A Day at the Dentist
It’s just after rush hour on a warm July morning and I’m picking up my mother at Grace’s place in Bridgeport. I have to work at five-thirty in Manhattan and I’m praying that the traffic will behave and I will be able to take my mother to the dental clinic at Norwalk Hospital, bring her back to Bridgeport and make it back to the city on time. I drove to my father’s place in Connecticut after work the night before because I am panicked that I’ll miss the appointment, and it makes more sense to drive to Connecticut from Manhattan after work rather than driving home from work in Manhattan to Brooklyn and then leaving in the morning. Even though I have called my mother a few times to remind her that we are going to the dentist I know that she will not remember.
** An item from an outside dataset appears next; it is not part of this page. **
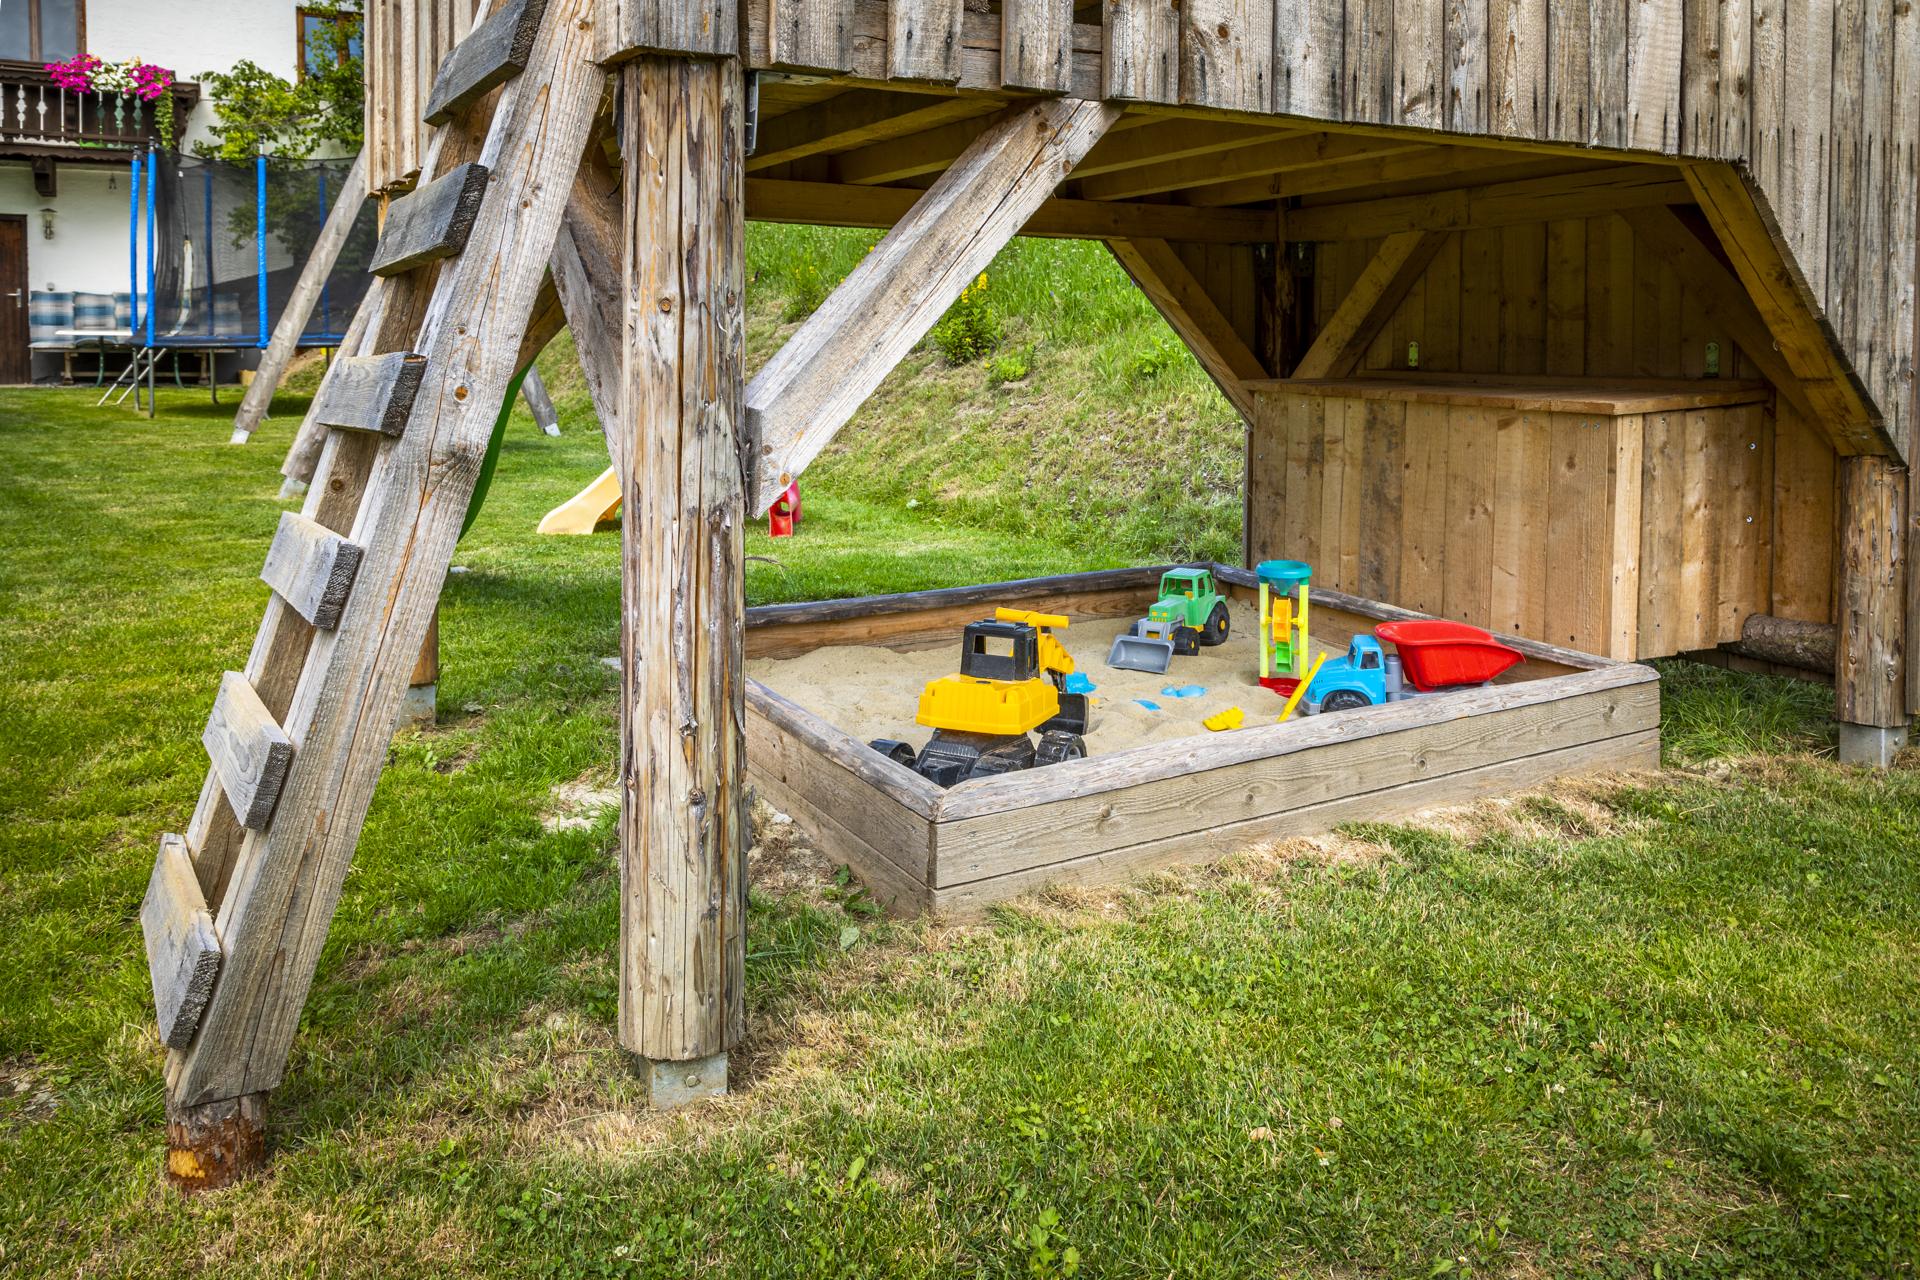 Bauernhof Griesbauer Spielplatz Sandkiste

I park in front of Grace’s building and buzz her apartment.
“Hi, Grace, it’s Erica.” No response.
“Okay, we’ll be down.”
Grace says that they’ll be right down. That means at least ten minutes. My mother is on Alzheimer’s time and Grace is on Jamaican time which may account for why Grace is so well suited to care for my mother. I’m sure that as Grace is readying my mother she’s telling my mother that I’m downstairs waiting. Grace is probably repeating this several times as my mother repeatedly asks her where she’s going. Despite all this preparation when the elevator door opens and my mother sees me standing there, her face lights up.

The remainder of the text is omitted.